Scientia Marina, Vol 74, No 2 (2010)

Antimicrobial potential of marine organisms collected from the southwest coast of India against multiresistant human and shrimp pathogens

Aseer Manilal
Department of Microbiology, Bharathidasan University , India

Sugathan Sujith
Department of Microbiology, Bharathidasan University , India

Joseph Selvin
Department of Microbiology, Bharathidasan University , India

George Seghal Kiran
Department of Biotechnology, Bharathidasan University , India

Chippu Shakir
Department of Microbiology, Bharathidasan University , India

Aaron Premnath Lipton
Central Marine Fisheries Research Institute , India


Diverse marine flora and fauna collected from the southwest coast of India was evaluated for its antimicrobial potential against shrimp Vibrio and multiresistant human pathogens. In total, 47 species of various taxa of marine organisms (29 flora and 18 fauna) were screened for antimicrobial activity. The marine flora includes twenty species of seaweeds, two species of mangroves, four species of cyanobacteria and three species of microalgae. The marine fauna comprises three species of porifera, twelve species of molluscans, one species of sea urchin, one of sea cucumber and one of cnidarian.
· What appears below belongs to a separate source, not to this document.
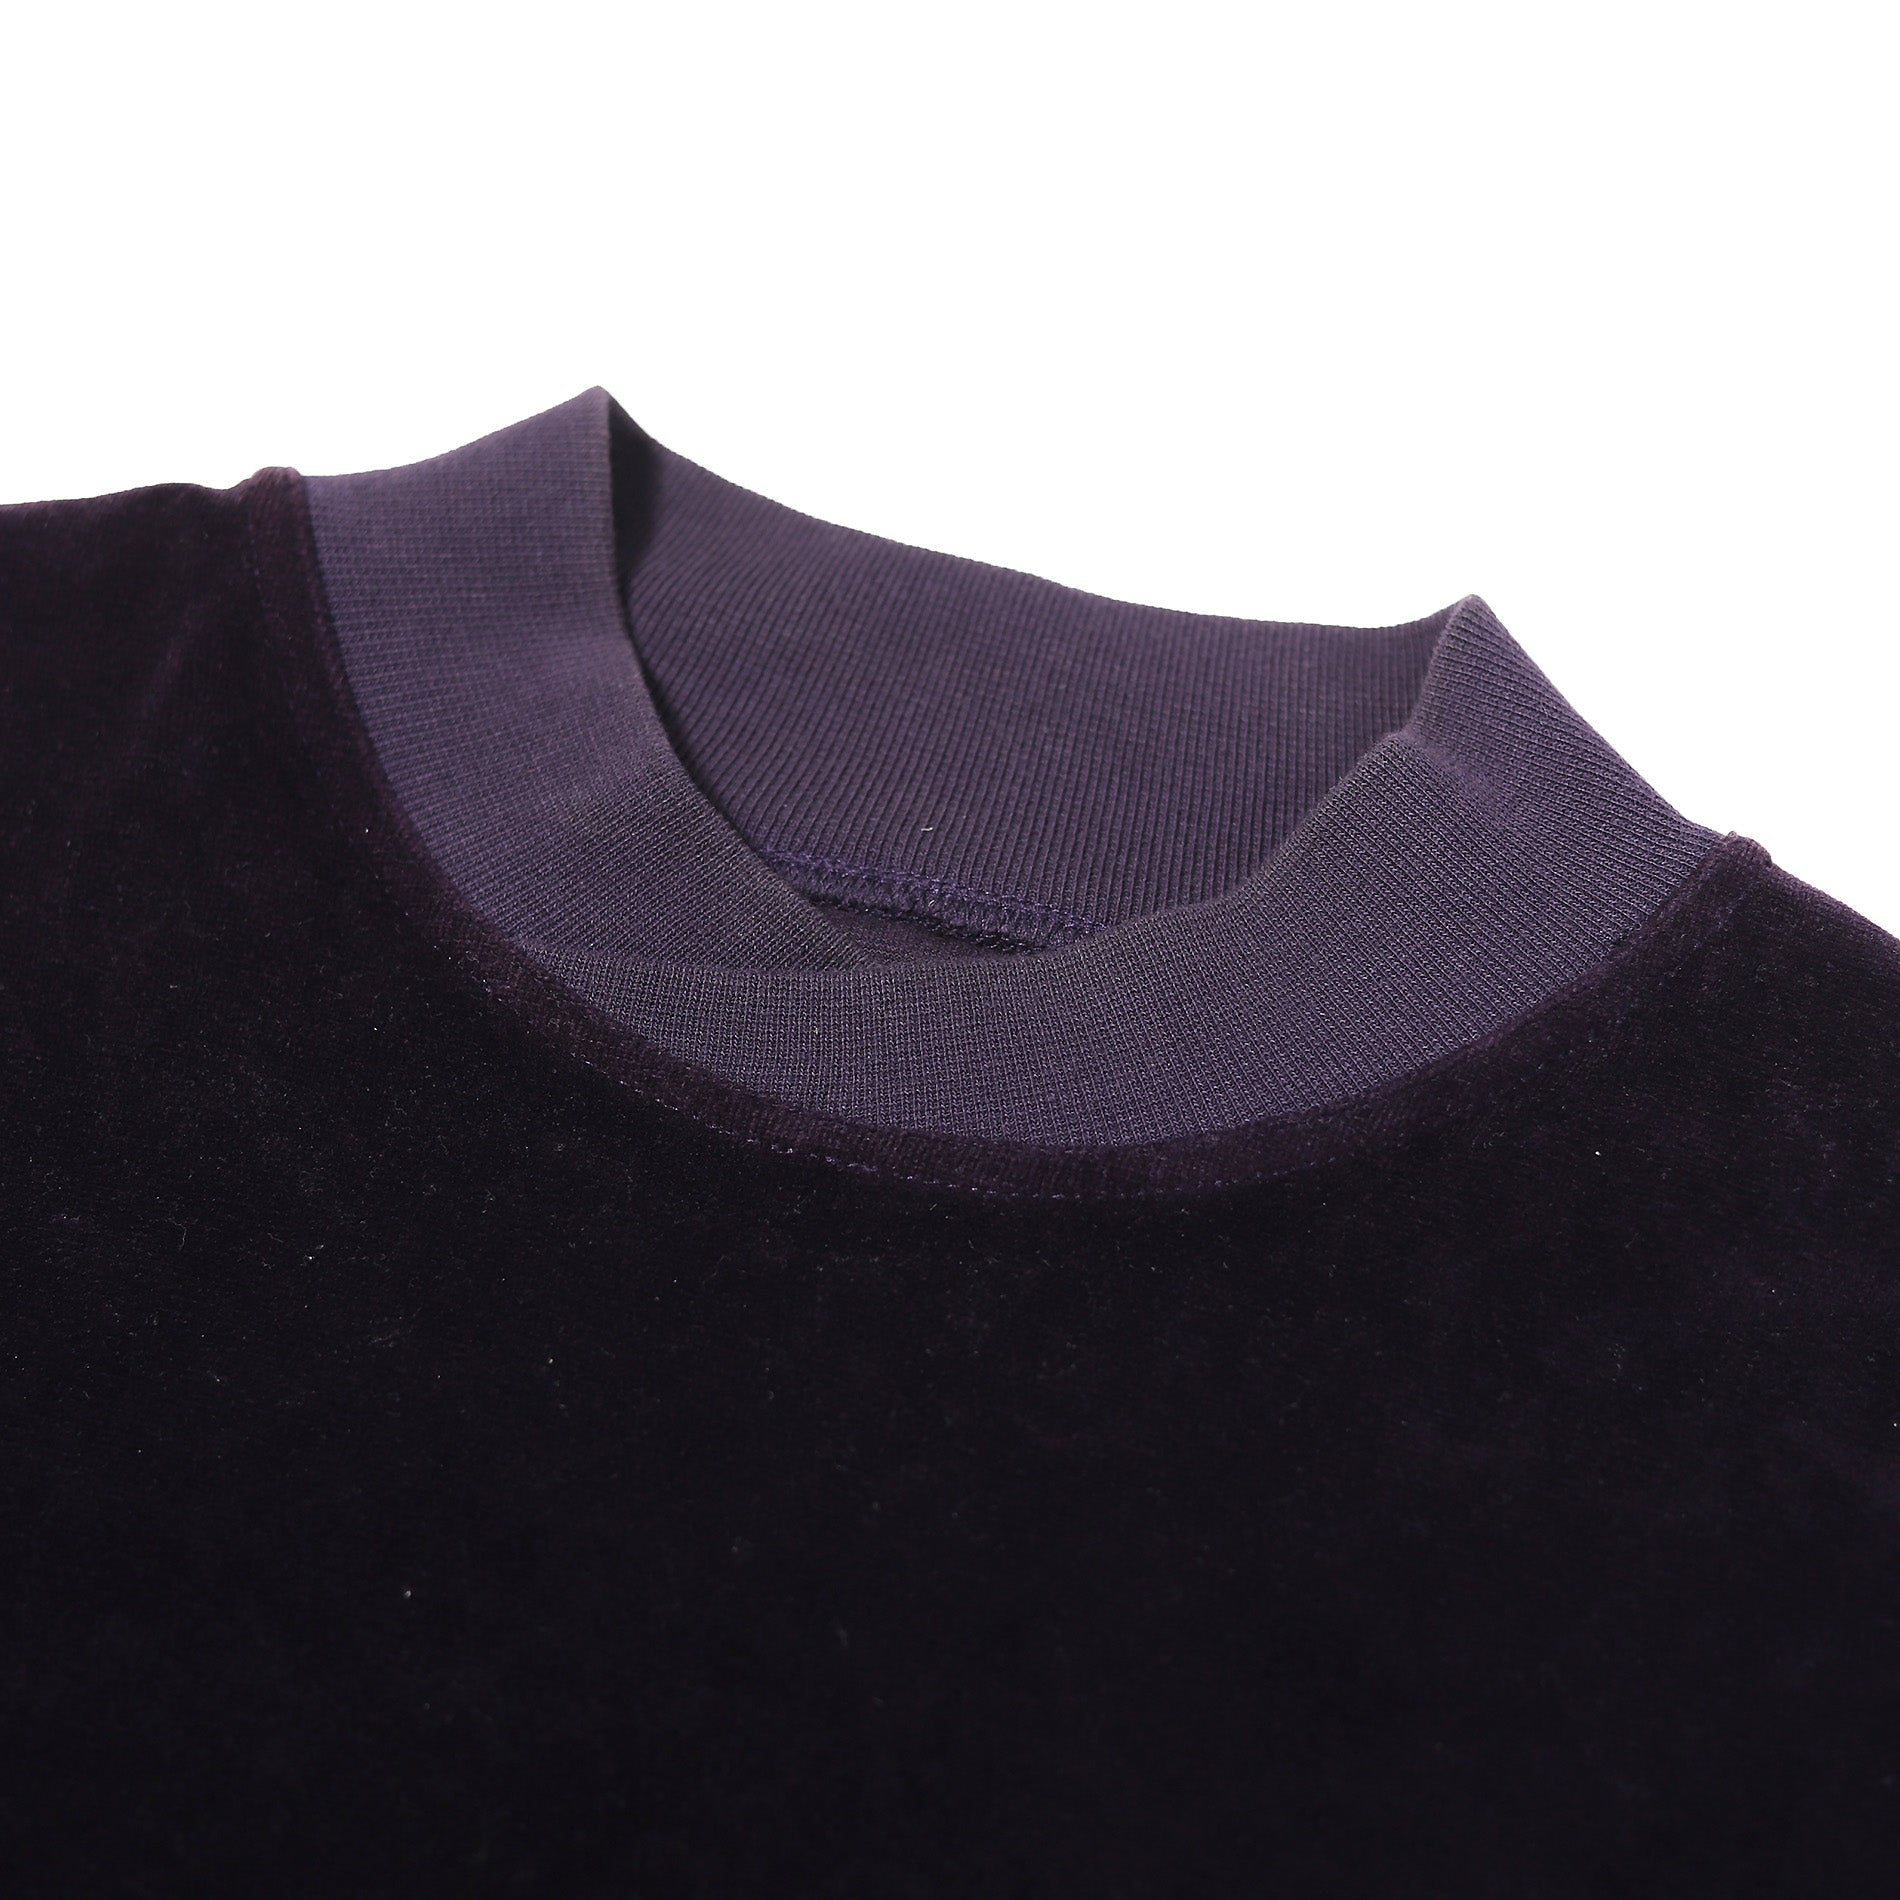 Haider Ackermann FW15 Purple Velvet Sweatshirt
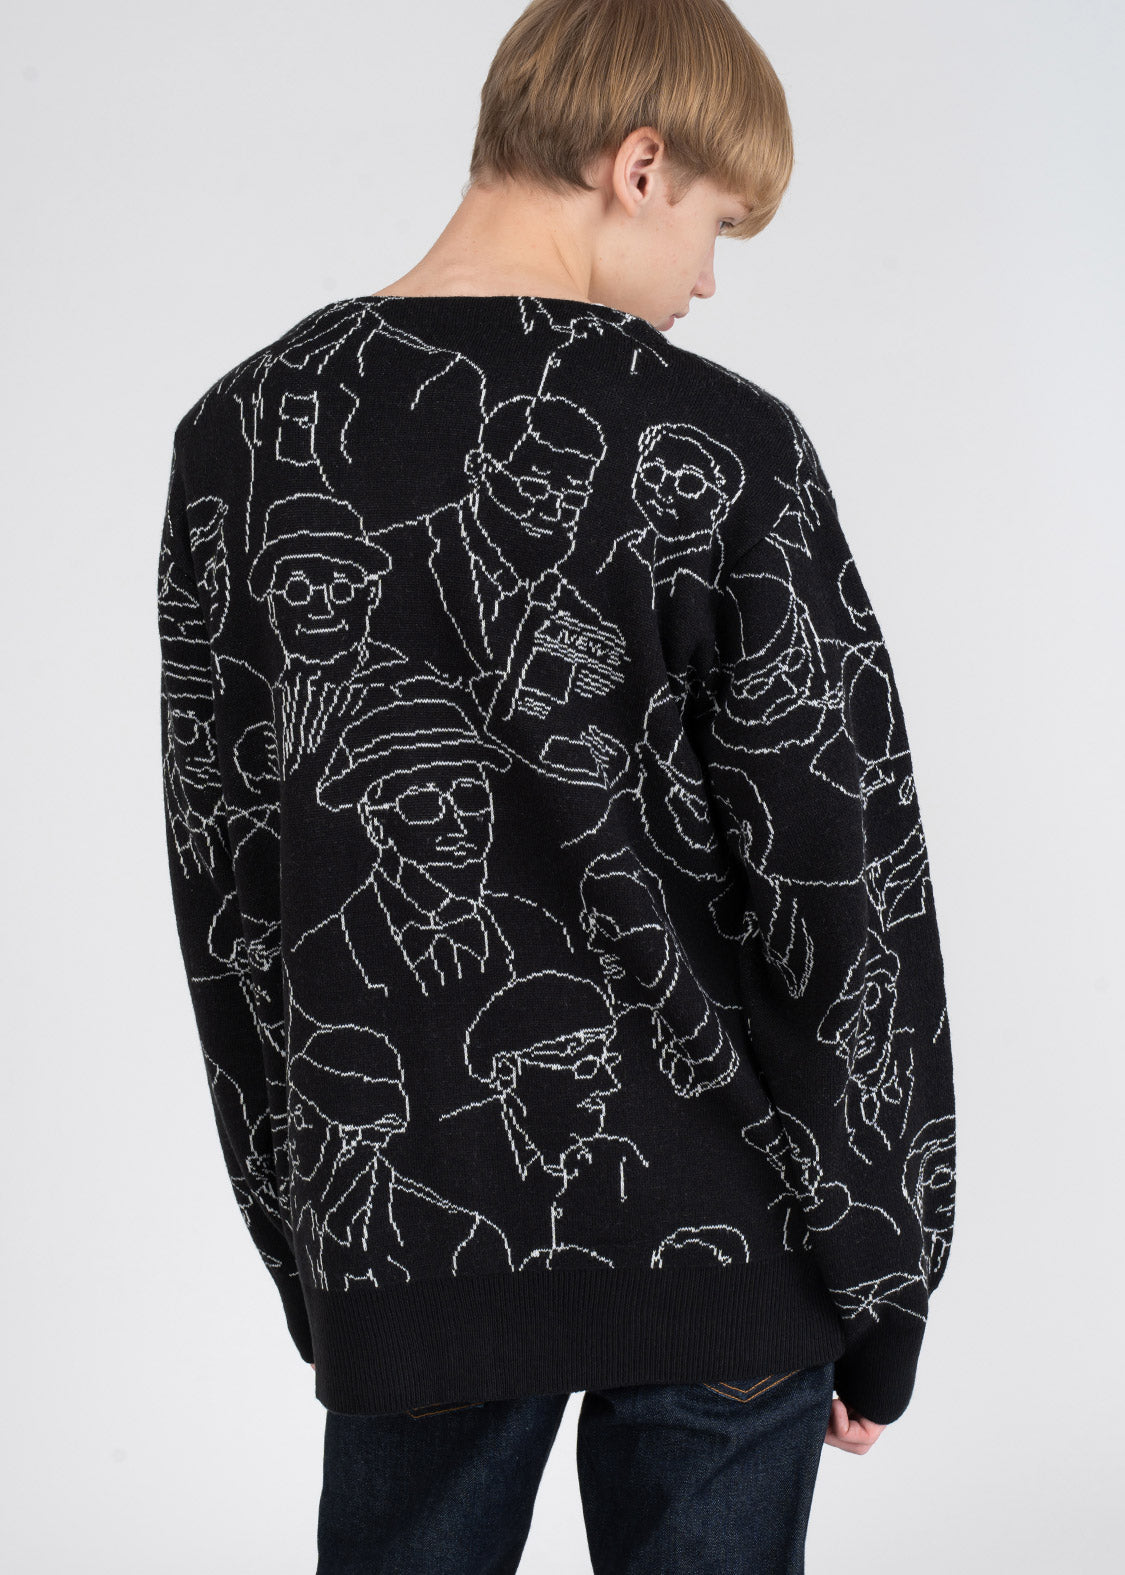 Graphic Jacquard V Neck Knit Cardigan (Nice Middle-aged Men)

The organic extractives were tested against five type cultures (Microbial Type Culture Collection) of prominent shrimp Vibrio pathogens, including V. parahaemolyticus, V. vulnificus, V. harveyi, V. alcaligenes and V. alginolyticus, and five multiresistant clinical pathogens: Staphylococcus aureus, Pseudomonas aeruginosa, Bacillus subtilis, Klebsiella pneumoniae and Staphylococcus epidermidis. Among the marine organisms screened, seaweeds showed a broad spectrum of antibacterial activity. The highly active seaweed Falkenbergia, a heteromorphic sporophyte of Asparagopsis taxiformis (Delile) Trevisan, was evaluated further to purify the active compounds using different chromatographic systems, including reverse phase HPLC and GC-MS. The analysis revealed that the most abundant metabolites are oleic acid (51.33%) followed by n-hexadecanoic acid (42.87%).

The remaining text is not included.